Department of Neurology, Long Island Jewish Medical Center, New Hyde Park, New York ; Department of Neurology, Albert Einstein College of Medicine, Bronx, New York.
Sports Health. 2010 Nov;2(6):471-83. doi: 10.1177/1941738110383963.
Concussion in the National Football League (NFL) remains an important issue. An initial description of the injury epidemiology involved 6 years from 1996 to 2001.

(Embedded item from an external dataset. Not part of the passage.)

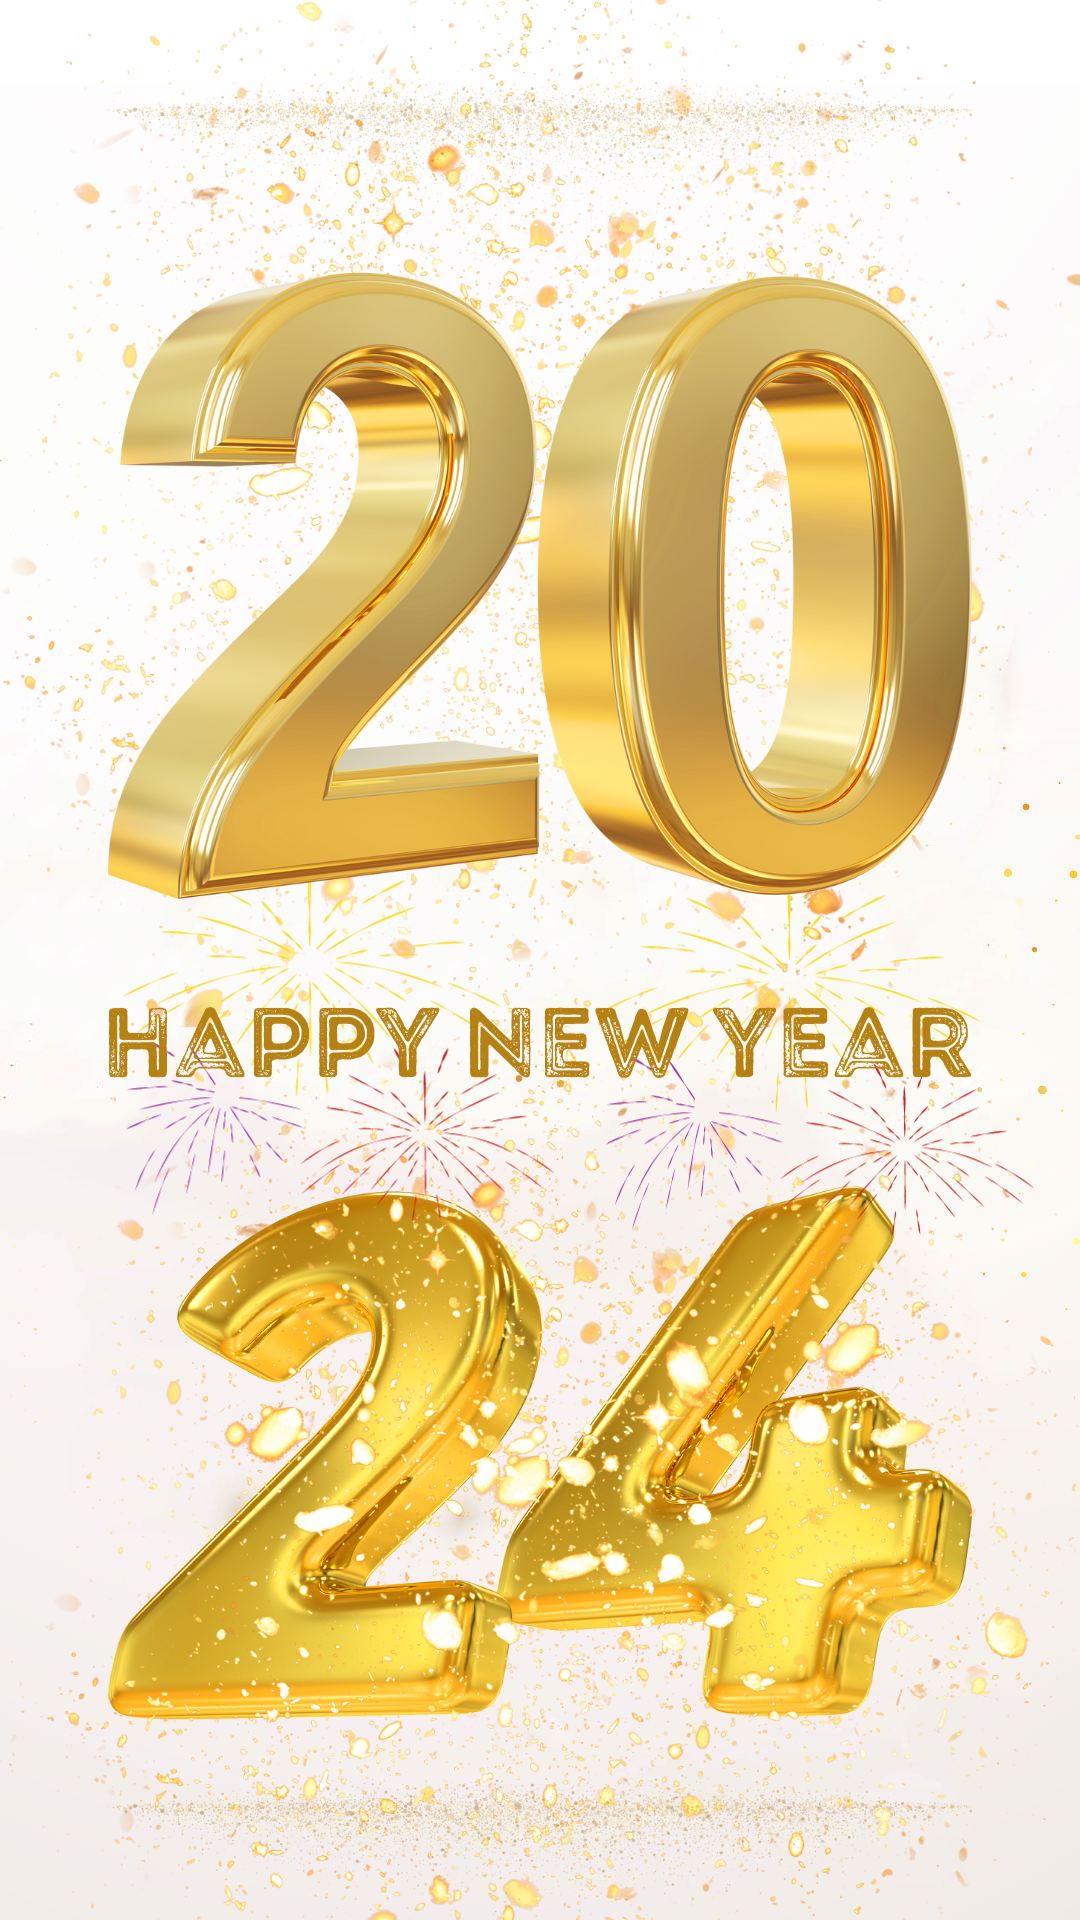 2023 happy new year gold mobile wallpaper hd.jpg

The increased attention to concussions may have resulted in team physicians being more conservative in treating players in recent years.
Two consecutive 6-year periods (1996-2001 and 2002-2007) were compared to determine changes in the circumstances associated with the injury, the patterns of signs and symptoms, and the players' time loss from participation in the NFL.
During 2002-2007, concussions were recorded by NFL team physicians and athletic trainers using the same standardized reporting form used from 1996 to 2001. Player position, type of play, concussion signs and symptoms, loss of consciousness, and medical action taken were recorded.
There were 0.38 documented concussions per NFL game in 2002-2007-7.6% lower than the 0.42 in the earlier period (1996-2001). The injury rate was lower in quarterbacks and wide receivers but significantly higher in tight ends during the second 6 years. The most frequent symptoms were headaches and dizziness; the most common signs were problems with information processing and immediate recall. During 2002-2007, a significantly lower fraction of concussed players returned to the same game, and more were removed from play. Most concussed players (83.5%) returned to play in < 7 days; the percentage decreased to 57.4% with loss of consciousness. The number of players returning in < 7 days was 8% lower during 2002-2007 and 25% lower for those with loss of consciousness.
The most recent 6 years of NFL concussion data show a remarkable similarity to the earlier period. However, there was a significant decrease in the percentage of players returning to the same game, and players were held out of play longer.
There was a more conservative management of concussion in NFL players from 2002 to 2007 even though the clinical signs and symptoms remained similar to the earlier 6-year period.
美国国家橄榄球联盟(NFL)中的脑震荡仍然是一个重要问题。最初对 1996 年至 2001 年 6 年期间涉及的损伤流行病学进行了描述。
近年来,对脑震荡的关注度增加可能导致队医在治疗运动员时更加保守。
比较了两个连续的 6 年期间(1996-2001 年和 2002-2007 年),以确定与损伤相关的情况、体征和症状模式以及运动员从 NFL 比赛中受伤的时间损失的变化。
在 2002-2007 年期间,NFL 队医和运动训练员使用与 1996-2001 年相同的标准化报告表记录脑震荡。记录了运动员的位置、比赛类型、脑震荡体征和症状、意识丧失以及采取的医疗措施。
2002-2007 年,每场 NFL 比赛中记录的脑震荡为 0.38 例-比前 6 年(1996-2001 年)的 0.42 例低 7.6%。在第二个 6 年期间,四分卫和外接手的受伤率较低,但近端锋的受伤率显著较高。最常见的症状是头痛和头晕;最常见的体征是信息处理和即时回忆方面的问题。在 2002-2007 年期间,返回同一比赛的脑震荡运动员比例明显降低,更多的运动员被清除出场。大多数脑震荡运动员(83.5%)在<7 天内重返赛场;意识丧失时,这一比例降至 57.4%。在 2002-2007 年期间,<7 天内返回的运动员人数减少了 8%,而意识丧失的运动员人数减少了 25%。
最近 6 年的 NFL 脑震荡数据与前一个时期非常相似。然而,返回同一比赛的运动员比例显著下降,运动员的离场时间也延长了。
即使临床体征和症状与前 6 年相似,2002 年至 2007 年 NFL 运动员的脑震荡管理更加保守。